Caches have long been used to reduce memory access latency. However, the increased complexity of cache coherence brings significant challenges in processor design as the number of cores increases. While making caches scalable is still an important research problem, some researchers are exploring the possibility of a more power-efficient SRAM…

Caches have long been used to reduce memory access latency. However, the increased complexity of cache coherence brings significant challenges in processor design as the number of cores increases. While making caches scalable is still an important research problem, some researchers are exploring the possibility of a more power-efficient SRAM called scratchpad memories or SPMs. SPMs consume significantly less area, and are more energy-efficient per access than caches, and therefore make the design of on-chip memories much simpler. Unlike caches, which fetch data from memories automatically, an SPM requires explicit instructions for data transfers. SPM-only architectures are thus named as software managed manycore (SMM), since the data movements of such architectures rely on software. SMM processors have been widely used in different areas, such as embedded computing, network processing, or even high performance computing. While SMM processors provide a low-power platform, the hardware alone does not guarantee power efficiency, if applications on such processors deliver low performance. Efficient software techniques are therefore required. A big body of management techniques for SMM architectures are compiler-directed, as inserting data movement operations by hand forces programmers to trace flow of data, which can be error-prone and sometimes difficult if not impossible.

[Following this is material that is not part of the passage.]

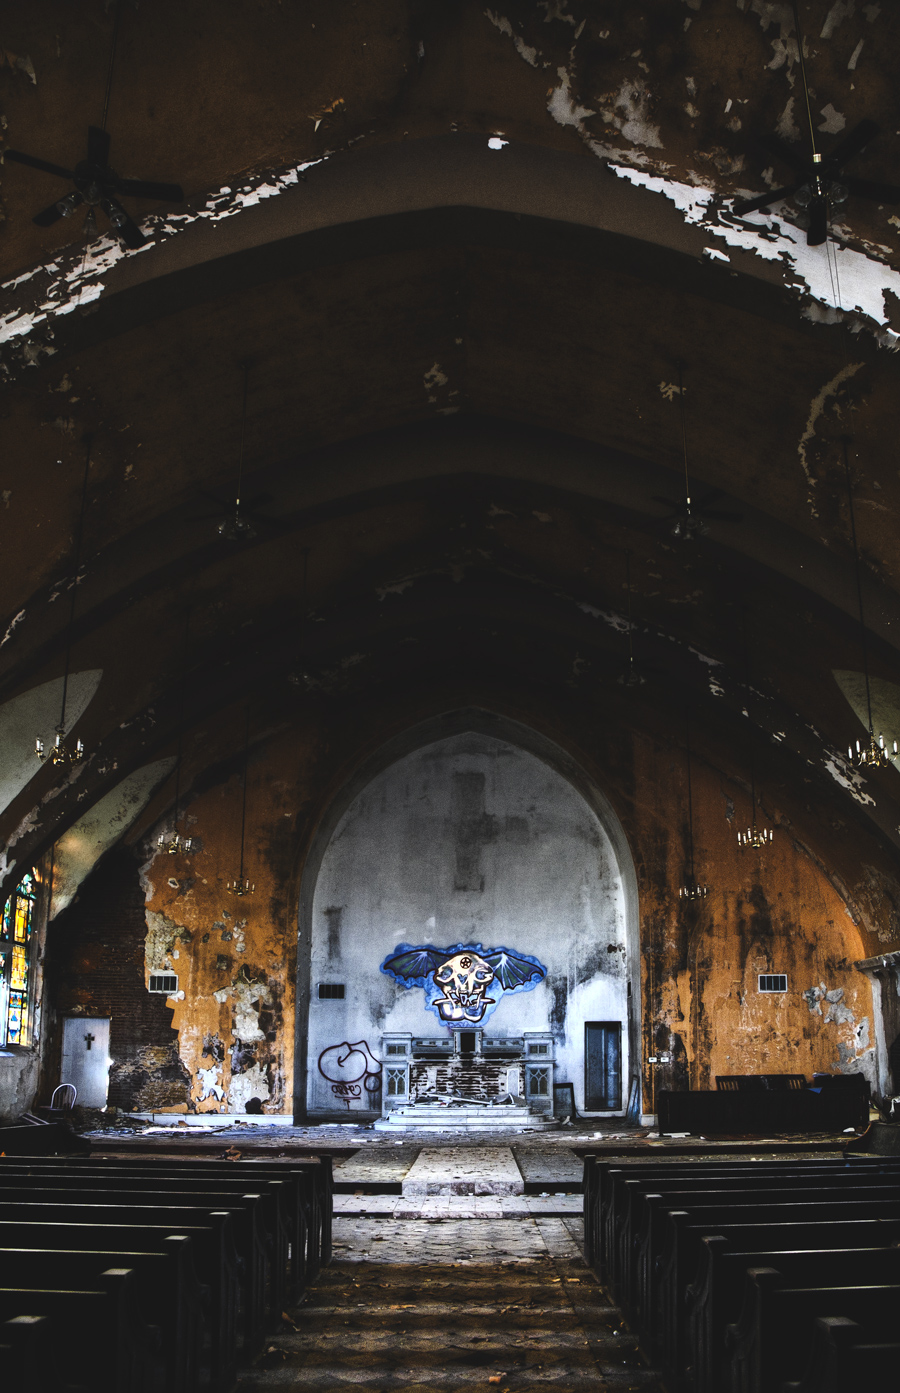 st-marks-church-web.jpg

This thesis develops compiler-directed techniques to manage data transfers for embedded applications on SMMs efficiently. The techniques analyze and find out the proper program points and insert data movement instructions accordingly. The techniques manage code, stack and heap data of applications, and reduce execution time by 14%, 52% and 80% respectively compared to their predecessors on typical embedded applications. On top of managing local data, a technique is also developed for shared data in SMM architectures. Experimental results show it achieves more than 2X speedup than the previous technique on average.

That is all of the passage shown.